The first couple of months everything was great, but then the maintenance responsibilities started getting neglected, and payments began to be late. They eventually stopped.
When this happened, Ashley and I pulled out the agreement to see what we should do. That’s when it hit us like a ton of bricks: in our haste to help, we hadn’t drawn up a true lease. What we did was make an agreement with a list of obligations that didn’t define any recourse should those obligations not be honored.
Because we were dealing with a friend, we didn’t think about defining what would happen should things go sour. We didn’t think we had to – and it nearly cost us the relationship.
Moving forward, the best advice I got on this subject came from my buddy Mike Tarpey and again from my main teacher Bill Cook.
Bill put like this: anytime you enter into a business relationship with a friend, you should draw up your agreements as if you don’t know each other. Taking your friendship bias out of the equation will help you both clearly define your expectations of what will happen if things go well or if they go sour.

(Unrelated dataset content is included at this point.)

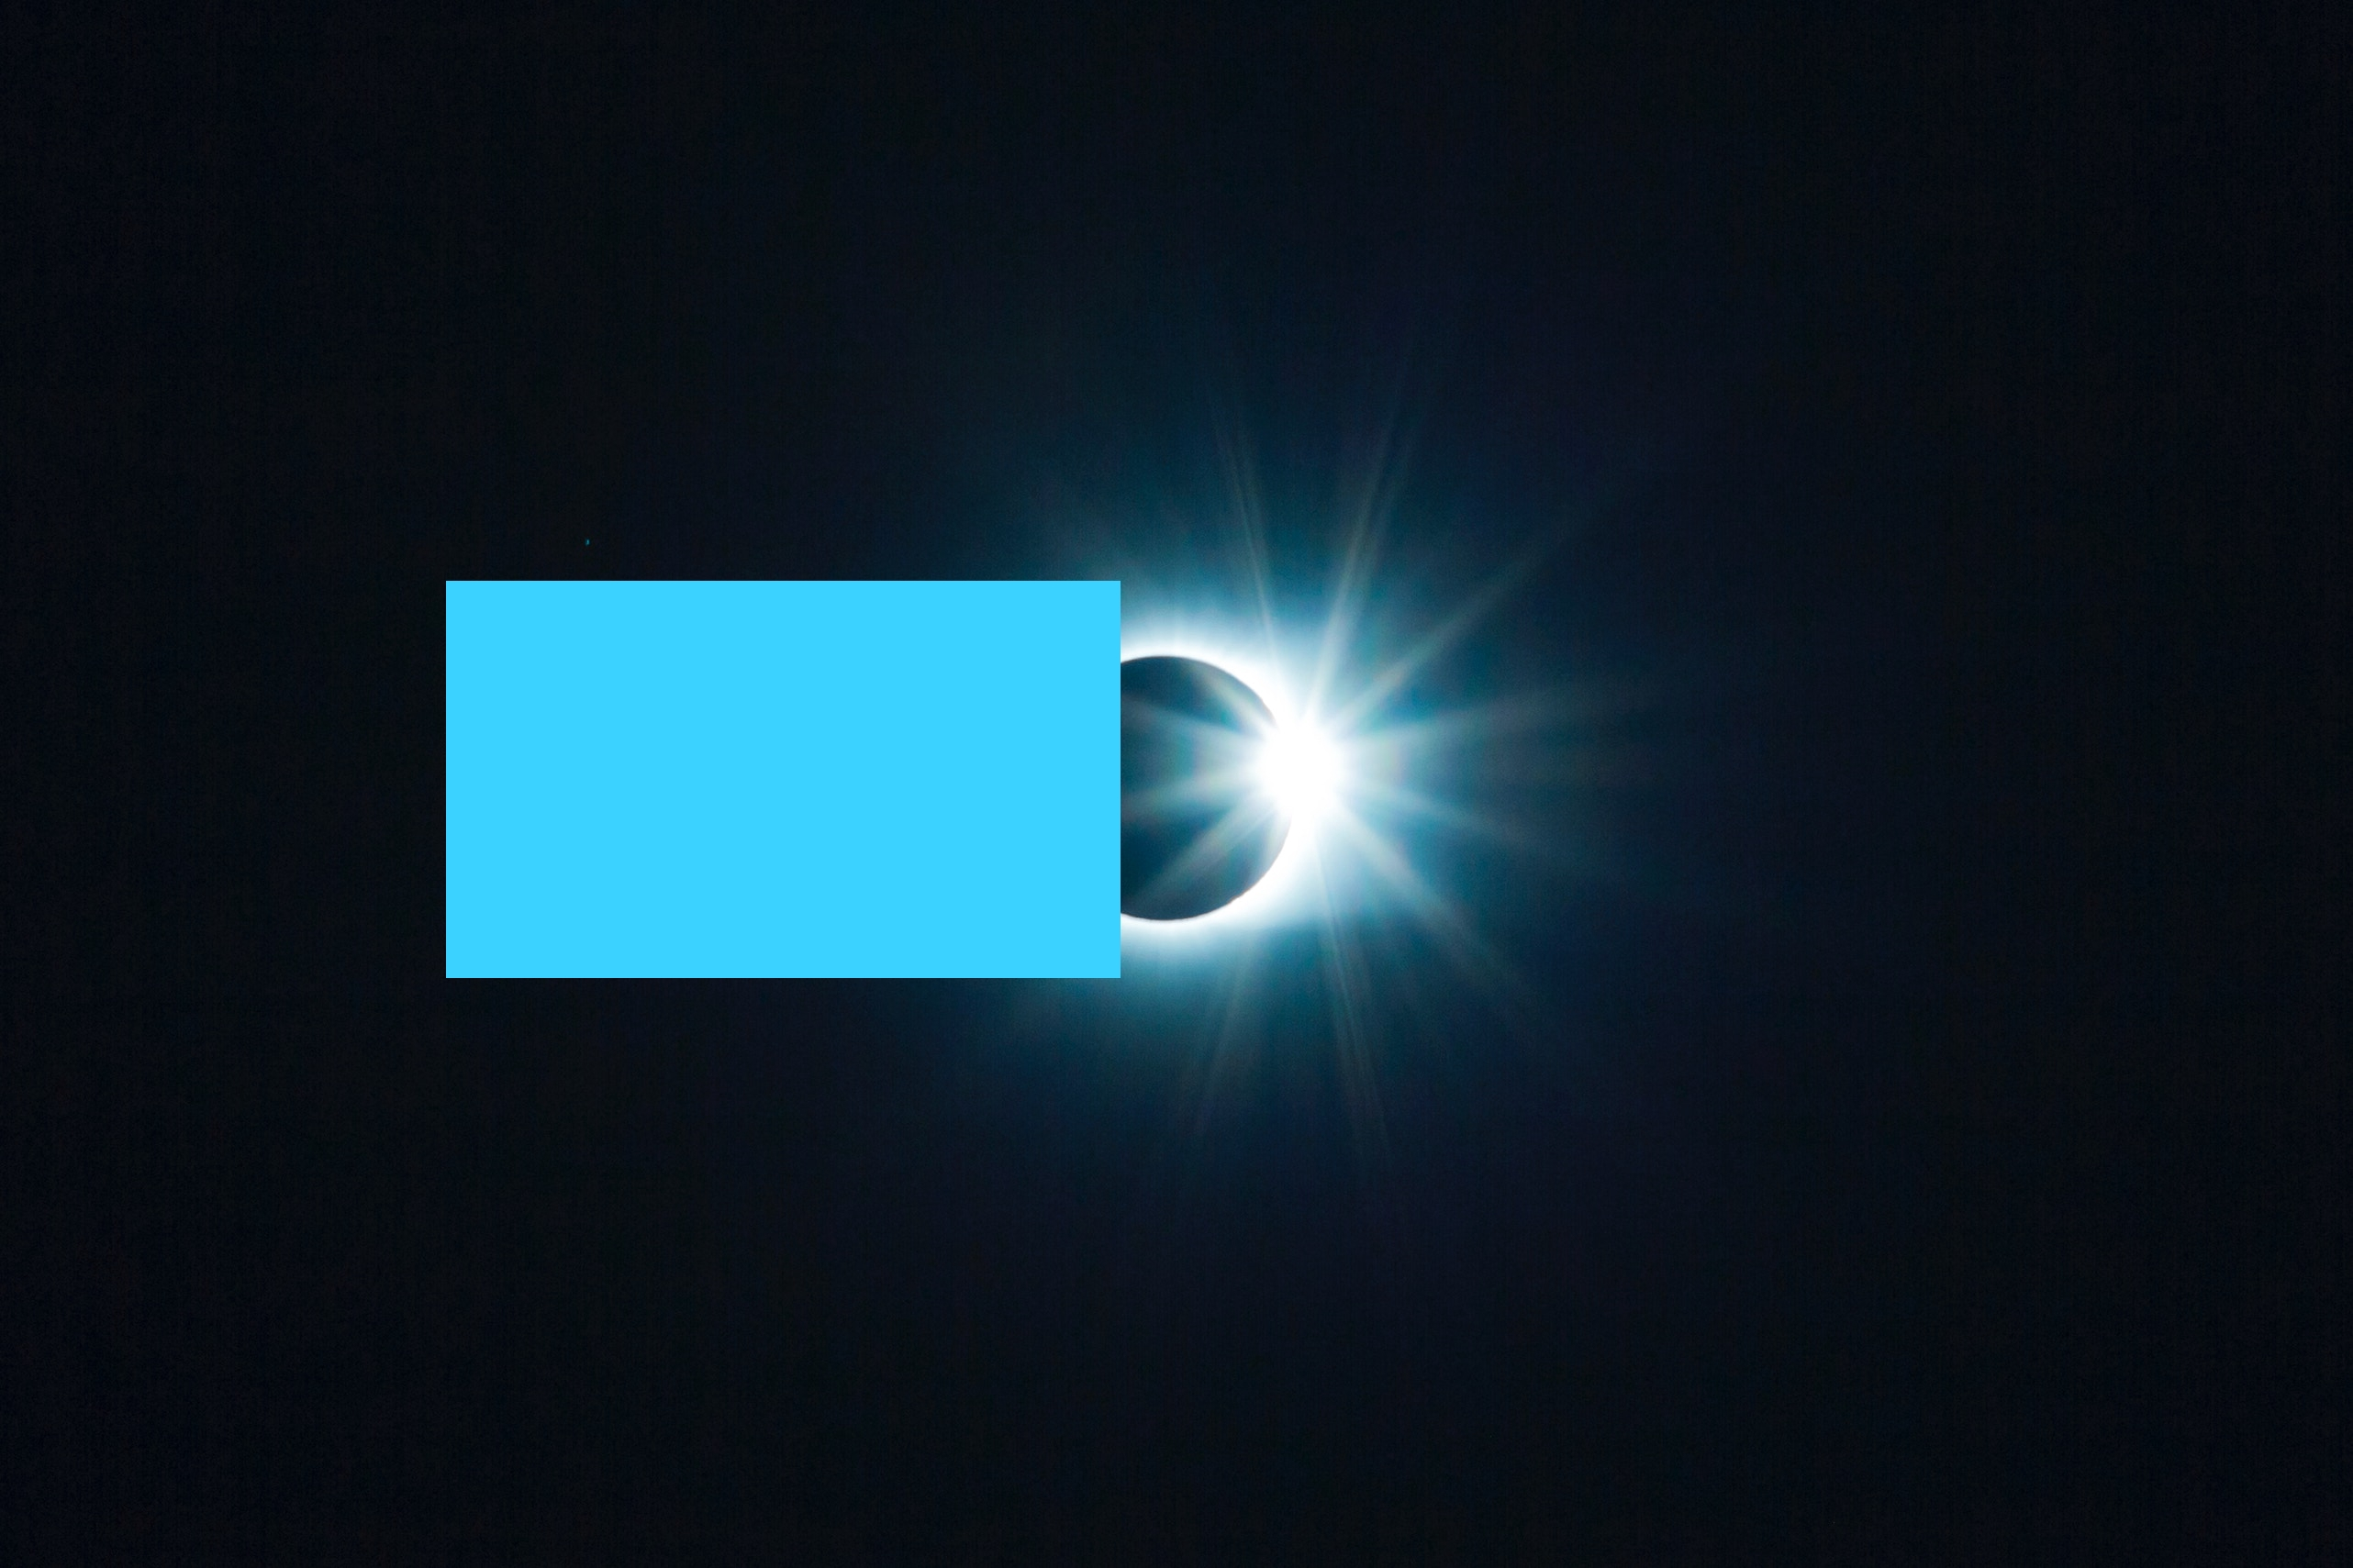 A zima-blue entry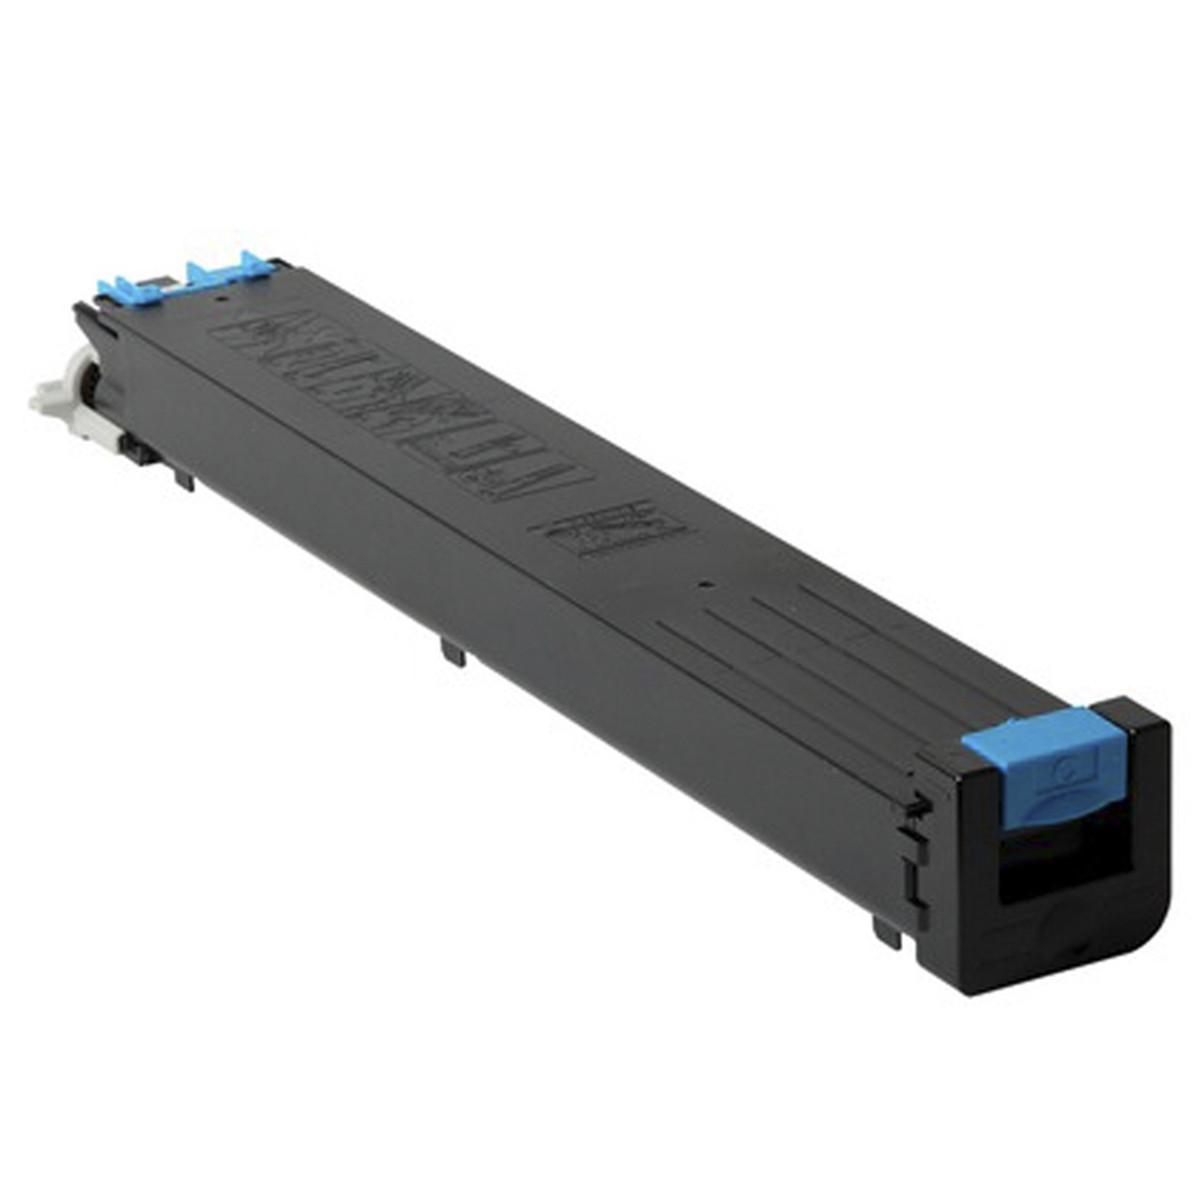 Toner Sharp MX-51BTCA MX-51NTCA Ciano | MX4110 MX4111 MX5110 MX5111 | Katun Business Color 340g

Tarpey told me he never has a problem renting to friends. That’s because he and his friends have a frank conversation before the arrangement begins. He tells them something like, “Renting houses is how I make my living. This agreement we’re making is a bunch of promises. I’m promising to give you a nice place to live and to take care of my landlord duties while you live here. You’re promising to do all the things a tenant is supposed to do that are set forth in this lease. I plan on keeping my promises, and I want you know that if this ruins our relationship, it will not be because I broke my promise. It will be because you chose to break yours.”
The wisdom Tarpey shared in that conversation is enormous. The point of a lease is to clearly define expectations for both parties. It lays out what the landlord expects of the tenant, it tells the tenant what the landlord will do for them, and it also lets both parties know what will happen if either of them doesn’t do what they promise.
In the case of the couple I mentioned earlier, the lease is a fence that clearly defines boundaries and expectations between friends. And as the husband so eloquently put it, for them, “a strong fence will make for good neighbors.”